Friday, March 07, 2008


John Lanchester's appealing essay in this week's New Yorker persuades me it would be well worth getting hold of a copy of Luca Turin and Tania Sanchez's Perfumes: The Guide. Here are Lanchester's final paragraphs:
There are fashions in smell, too, and the heavy-duty perfumes of the nineteen-eighties, in particular, come in for a hard time from Turin and Sanchez. They give some of these perfumes a rating of five out of five, while at the same time more or less begging the reader not to buy them. Opium is “unquestionably one of the greatest fragrances of all time,” Turin writes. “Yet I would hate it if anyone wore it near me today.”

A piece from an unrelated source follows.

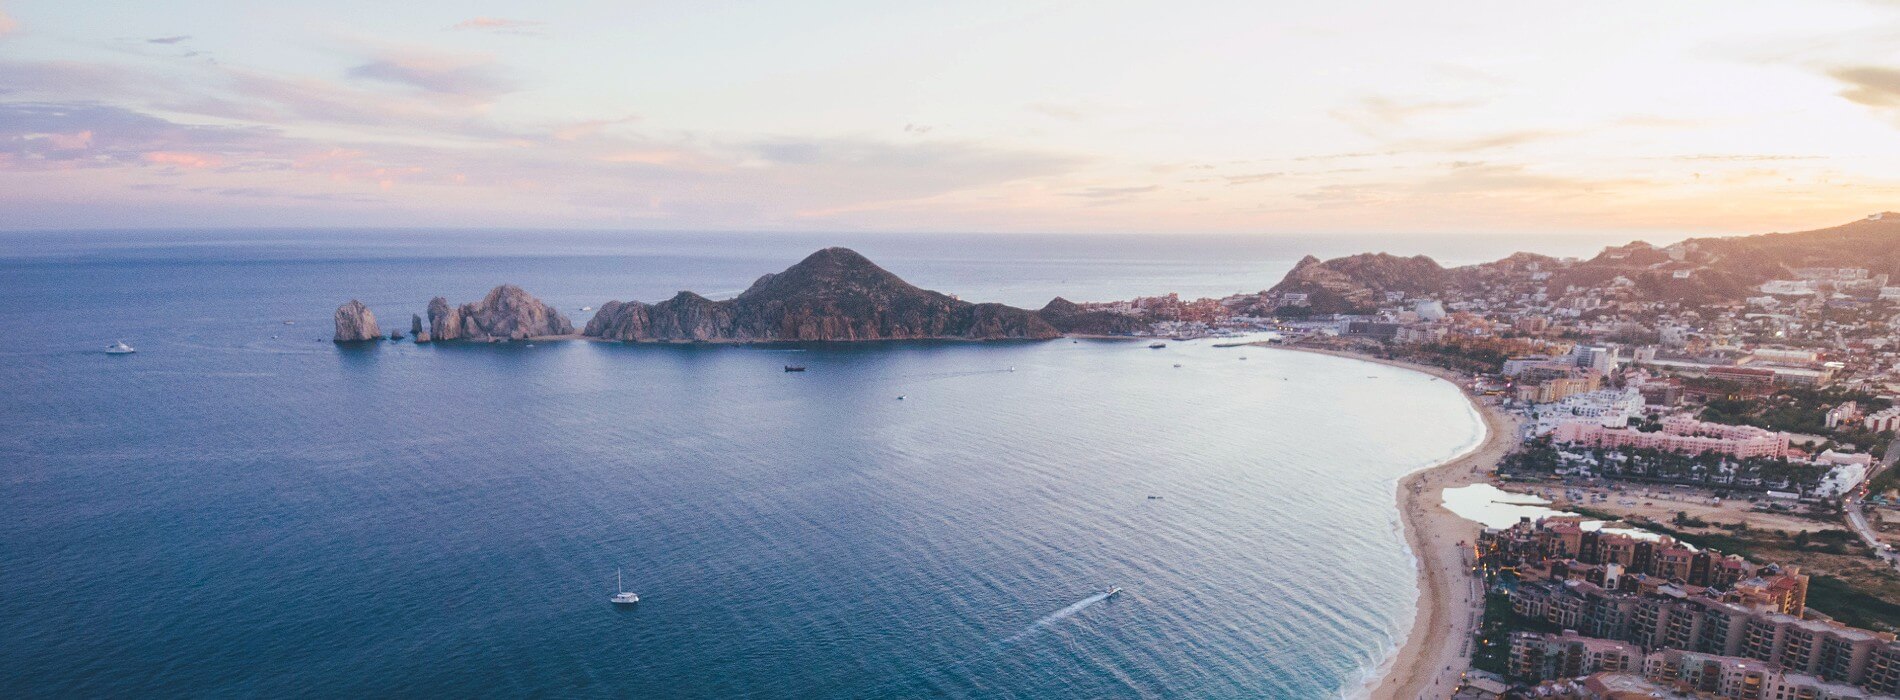 Complete Guide to Activities and Attractions in Cabo, Mexico

That, it turns out, is relatively mild, as their criticisms go. Consider 212, from Carolina Herrera: “Like getting lemon juice in a paper cut.” Amarige, from Givenchy? “If you are reading this because it is your darling fragrance, please wear it at home exclusively, and tape the windows shut.” Heiress? “Hilariously vile 50/50 mix of cheap shampoo and canned peaches.” Princess? “Stupid name, pink perfume, heart shaped bottle, little crown on top. I half expected it to be really great just to spite me. But no, it’s probably the most repulsively cloying thing on the market today.” Hugo, the men’s cologne from Hugo Boss? “Dull but competent lavender-oakmoss thing, suggestive of a day filled with strategy meetings.” Love in White? “A chemical white floral so disastrously vile words nearly desert me. If this were a shampoo offered with your first shower after sleeping rough for two months in Nouakchott, you’d opt to keep the lice.” Lanvin’s Rumeur gets a one-word review: “Baseless.”

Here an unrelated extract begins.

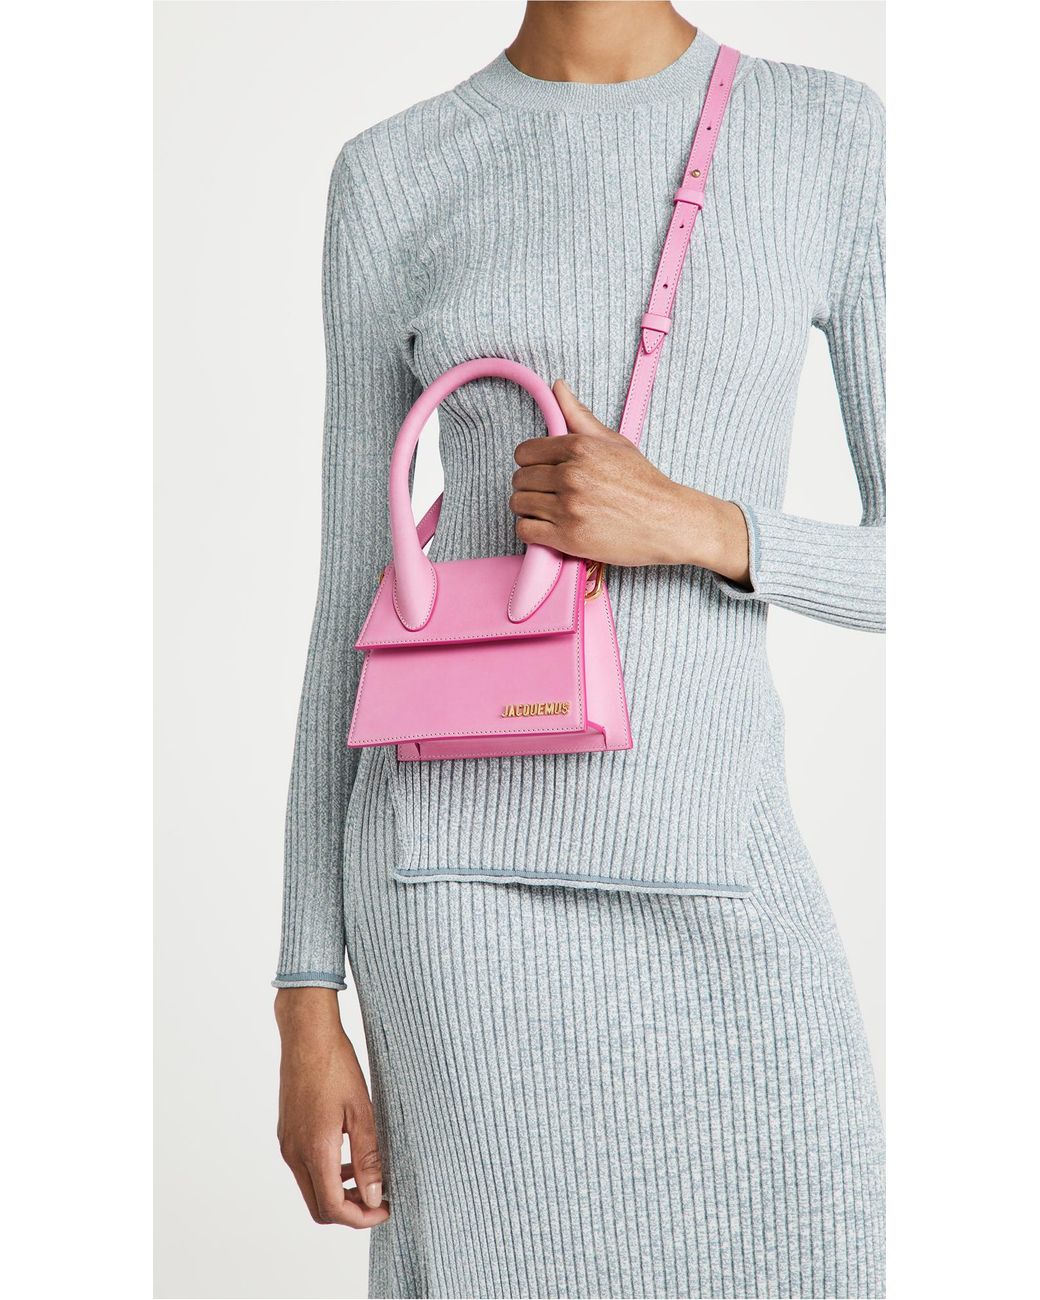 Jacquemus Le Chiquito Moyen Bag in Pink | Lyst

This is fun to read—and a rare pleasure, too, since the importance of perfume advertising means that one doesn’t often get to read strong criticism of multimillion-dollar-earning fragrances. The joy of Turin and Sanchez’s book, however, is their ability to write about smell in a way that manages to combine the science of the subject with the vocabulary of scent in witty, vivid descriptions of what these smells are like. Their work is, quite simply, ravishingly entertaining, and it passes the high test that their praise is even more compelling than their criticism. Here, in full, is Turin’s review of Lancôme’s Trésor:
I once sat in the London Tube across a young woman wearing a t-shirt printed with headline-size words ALL THIS across her large breasts, and in small type underneath “and brains too.” That vulgar-but-wily combination seems to me to sum up Trésor. Up close, when you can read the small print, Trésor is a superbly clever accord between powdery rose and vetiver, reminiscent of the structure of Habanita. From a distance, it’s the trashiest, most good-humored pink mohair sweater and bleached hair thing imaginable. When you manage to appeal to both the reptilian brain and the neocortex of menfolk, what happens is what befell Trésor: a huge success.
You don’t have to like perfume to like “Perfumes: The Guide.” Its blend of technical knowledge and evocative writing is exemplary in the strict sense: people who write about smell and taste in any context should use it as an example. Turin may be wrong about what appeals to the male neocortex, however. As Sanchez says, “The question that women casually shopping for perfume ask more than any other is this: ‘What scent drives men wild?’ After years of intense research, we know the definitive answer. It is bacon.”